The design of an integrated circuit (IC) that includes transistors and capacitors requires the implant and diffusion of donor or acceptor atoms within oppositely doped regions such as a substrate, nWell, or pWell. While the intent of the design is to create a functional device, these diffusions also form parasitic diodes to the surrounding substrate or Well regions. In early CMOS IC designs, it was always expected that the p-type substrate or pWell regions of the IC would be biased to the lowest potential available on the IC, and that n-type substrate or nWell regions would be biased toward the highest potential on the IC. Under this assumption, any p+ diffusion with an n-type background (or n+ diffusion in a p-type background) parasitic diode would be reverse biased and would not impact circuit function beyond the addition of a depletion capacitance.
Increasingly, however, as new IC designs push to higher performance, and analog functions are incorporated into ICs, biasing of Well structures between the highest and lowest potentials available has become commonplace. In addition, modern process technologies allow the existence of both nWell and pWell along with substrate on a single IC. And, it has become common for ICs to contain many voltage domains on a single die with data communication between voltage domains. As a result of this increased IC complexity and processing capacity, the risk of unintentionally creating a forward biased parasitic diode between supply domains of an IC during physical design has greatly increased.
Traditional Design Rule Check (DRC) tools verify that a layout can be manufactured as designed. Traditional Layout vs. Schematic (LVS) tools extract the layout and compare it to the schematic, to ensure a one-to-one correlation. Although DRC and LVS tools may be used independently, they are commonly used in conjunction with each other. Typically, these tools are used iteratively, and the masks are not built until the requirements of both tools are satisfied. While these methods are good at checking the design for adherence to technology ground rules and the equivalence of an IC physical design to its schematics, the detection and analysis of parasitic diode structures that can cause functional problems has not been successfully addressed.
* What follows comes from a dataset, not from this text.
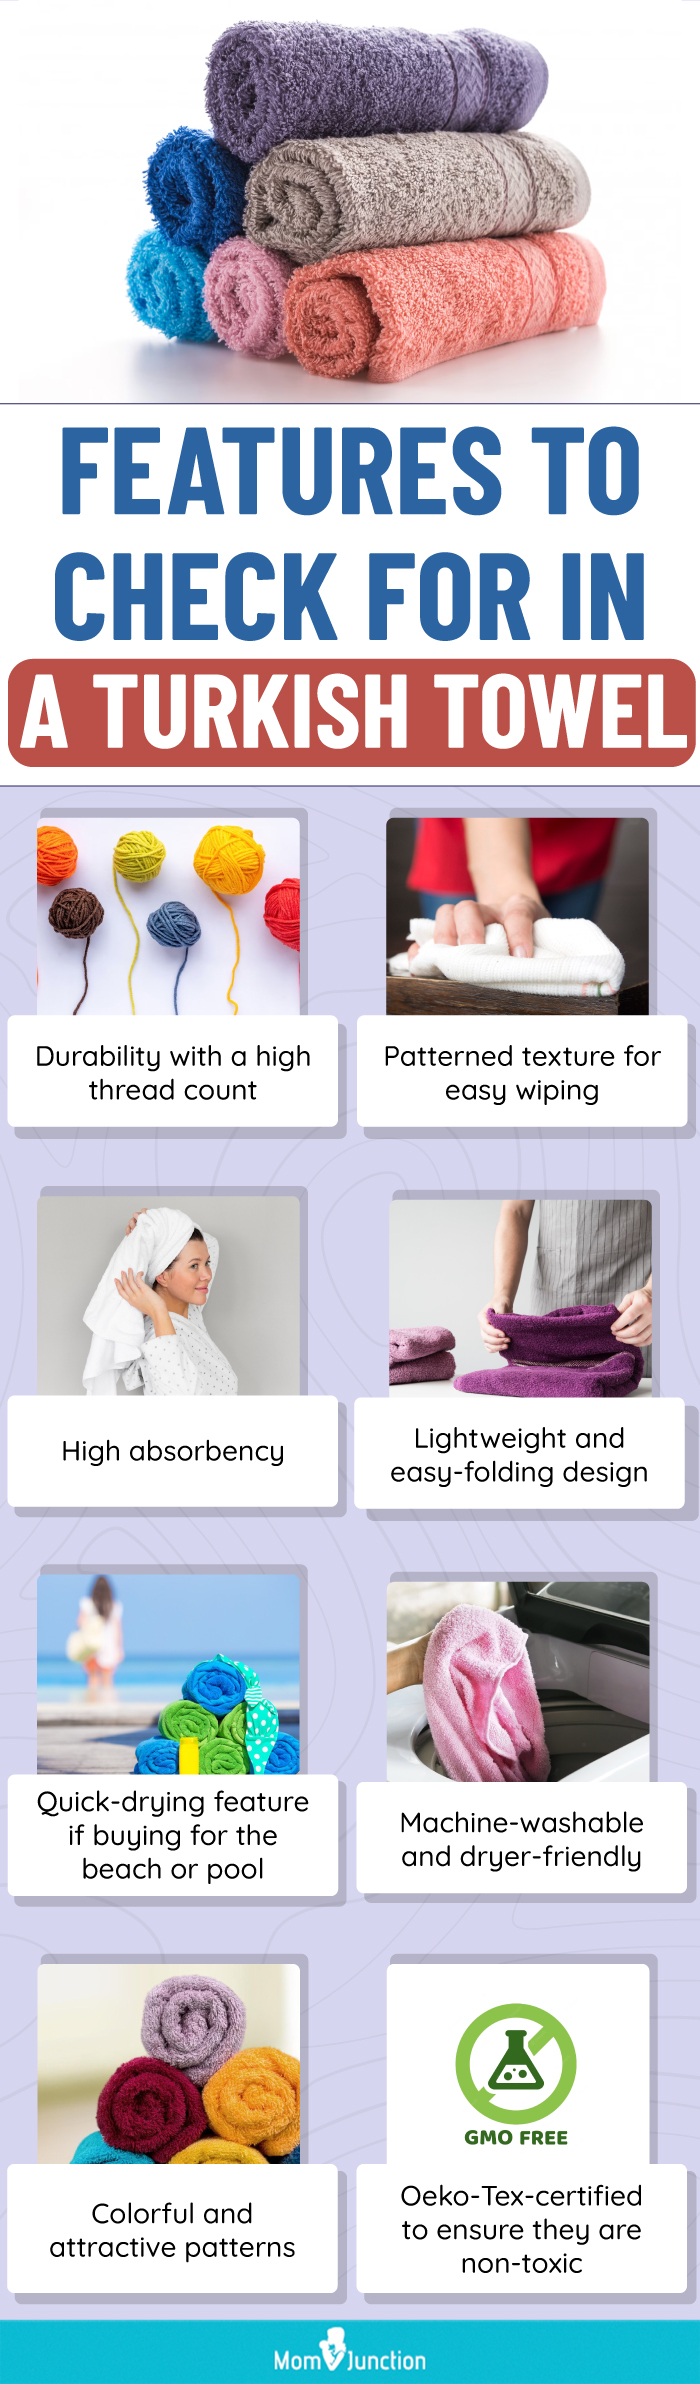 Features To Check For In A Turkish Towel (infographic)

Designers have been left to verify their designs using a combination of parasitic netlist extraction and circuit simulation to ascertain whether the circuits function properly over a wide range of static and dynamic power scenarios.
Current methods and devices require exacting and exhaustive input patterns, and a careful review of the results, both of which are performed manually and are thus subject to human error. As these methods are heavily dependent upon the completeness of the simulation pattern suite, an incomplete or inaccurate extraction process may omit or alter the function of parasitic devices within the design.
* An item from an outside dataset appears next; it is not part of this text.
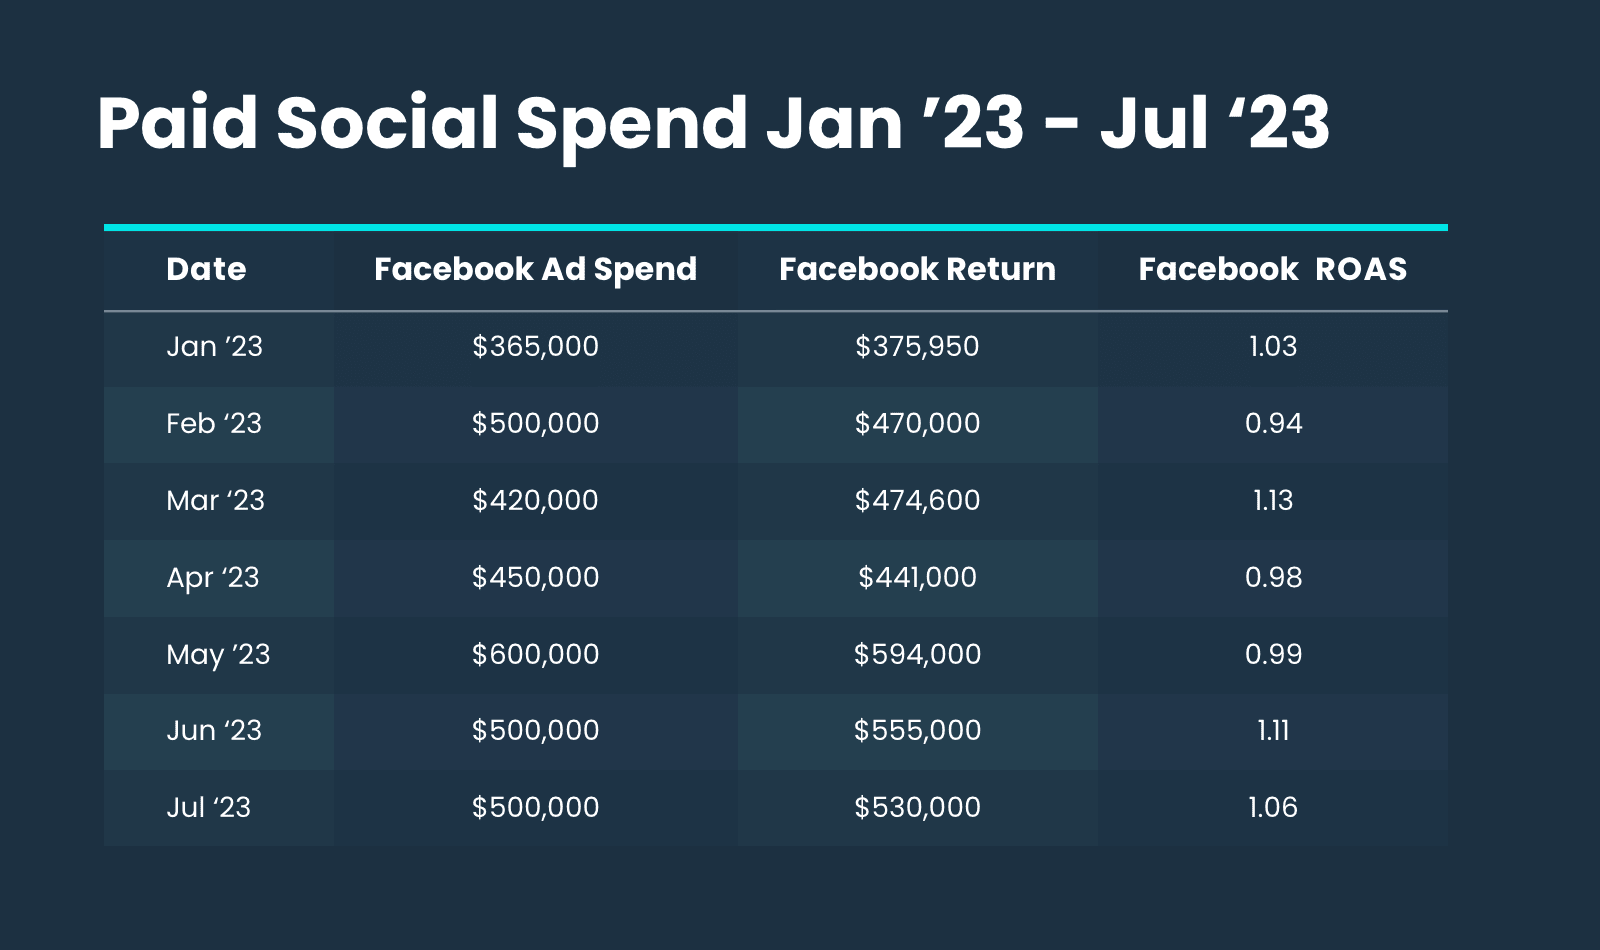 Paid Social (Facebook) Spend for our sample business from January 2023 through July 2023

In many cases, the parasitic devices in question would not be extracted as true diodes unless they were manually identified by the designer prior to netlist extraction, which is virtually impossible, as these structures may be incorporated into the design inadvertently. As a result, the escape rate for parasitic forward biased diode structures in the physical design is unacceptably high. The costs of such a high escape rate are expensive redesigns, more frequent product failures, and longer times to market.